Health insurance providers—government agencies or private companies—set the price they pay to drug retailers. This is known as the reimbursement rate, and sometimes it’s lower than the pharmacy’s wholesale cost. Add in the basic expenses of operating a business such as salaries, rent, utilities and supplies, and pretty soon the local business in sinking in red ink

“The cost for me is higher than [it is for] Walgreen’s for the exact same thing,” McMinnville Drug Center’s Margaret Sutton revealed in the half-hour interview set to air Tuesday at 5:05 p.m. and again Saturday at 9:35 a.m. The program was produced as part of the weekly FOCUS conversations on McMinnville Public Radio 913-WCPI.

“The reimbursement rate is different,” she stated “There’s no rhyme or reason for it.”

Sutton and the other pharmacists pleaded for “a fair playing field” where the locally owned pharmacies get the same treatment as the major chain retailers.

But that is an uphill climb when the PBMs, drug producers and often the street-level retailers are integrated or consolidated with competitive clout and outsized influence over pricing.

Graves cited the contractual arrangements with manufacturers and PBMs.

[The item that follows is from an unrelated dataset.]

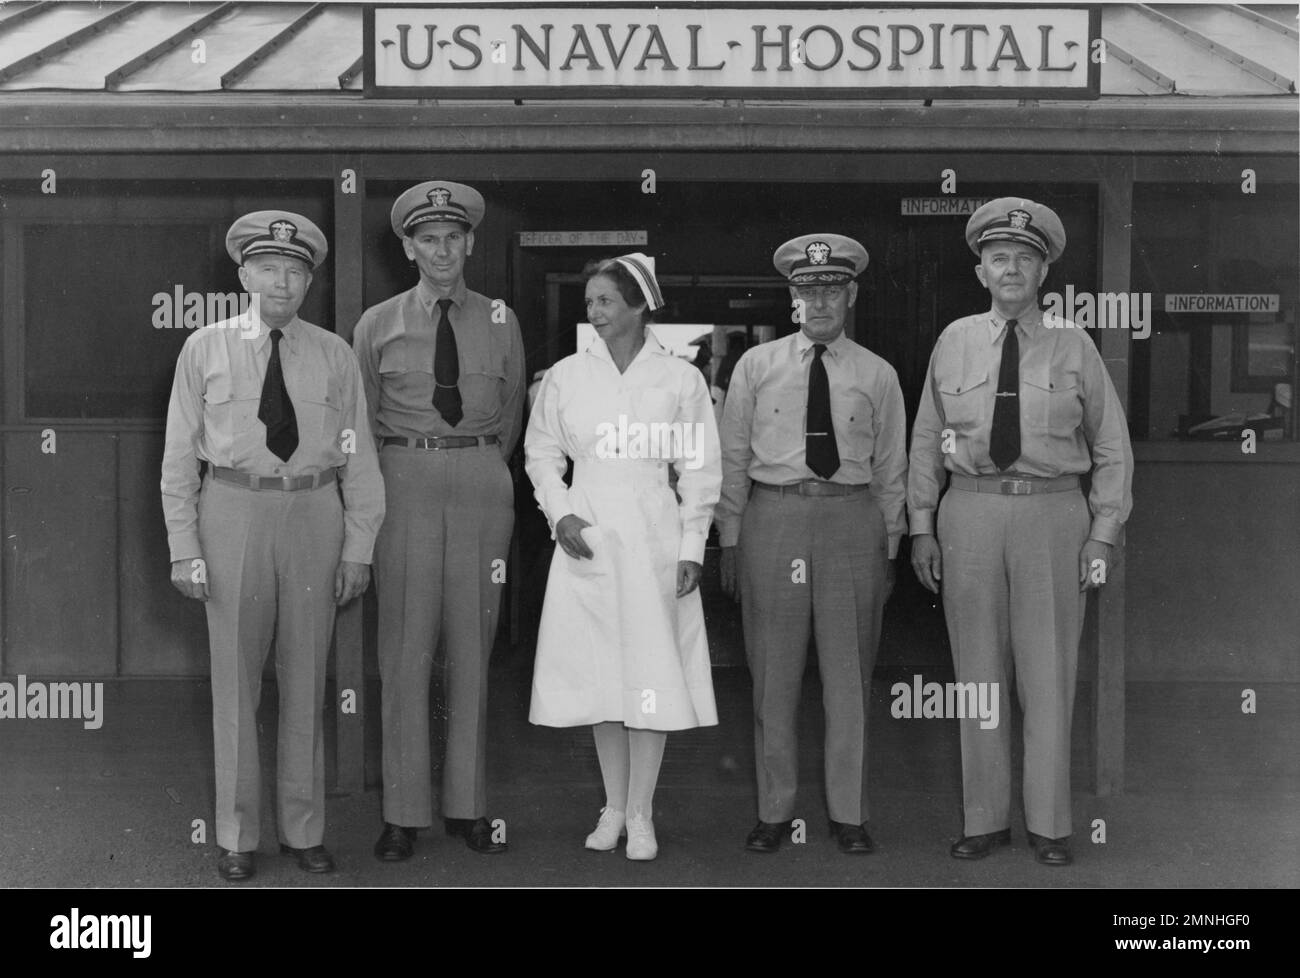 Base 8, U.S. Naval Hospital, Pearl Harbor, Territory of Hawaii. Vice Admiral Ross T. McIntire, Captain L.O. Stone, Lieutenant Commander Susan J. English, Captain W.A. Wylie, Rear Admiral C.B. Camerer,   Pearl Harbor, Hawaii / Territory of Hawaii ca. 1940s or 1950s Stock Photo

“If you don’t like” the terms they present, “you don’t get to participate, and that affects our customer base and our community,” Graves insisted “You take it or leave it. There’s no negotiation.”

As market power is concentrated and moves upward in the system, a particular group of customers feels the squeeze most acutely: Military veterans depending on Tri-Care or other government programs.

“They have the least choice of any population segment I can think of,” Hazelwood observed, noting veterans are economically constrained to get their prescription drugs at the big box pharmacies.

“Those customers can try mail order drugs, but that could be complicated by shipping delays and lost orders,” Graves suggested.

“It boils down to the reimbursement rate. It’s so terrible that we couldn’t stay in business if we accepted that contract,” Hazelwood stated.

President Trump issued an executive order (EO) earlier this month ostensibly aimed at lowering drug prices. The measure directs the two main government health care providers—Medicare and Medicaid—to set reimbursement rates at levels not higher than similar drugs would cost in other advanced, industrialized countries.

Those mandated price limits could have the effect of tugging drug costs downward in customer cash payments and for private insurance, so the theory goes.

But Trump’s effort is up against the most generous lobbying power in Congress, the pharmaceutical industry, often referred to as Big Pharma. In 2023, the last year for which final figures are available, the drug makers invested some $275 million to influence the Congressmen and Senators who would be voting on any price-control legislation.

Asked if they thought the president’s action would drive down drug costs to consumers, the WCPI panelists sounded a cautious note, taking a wait and see position.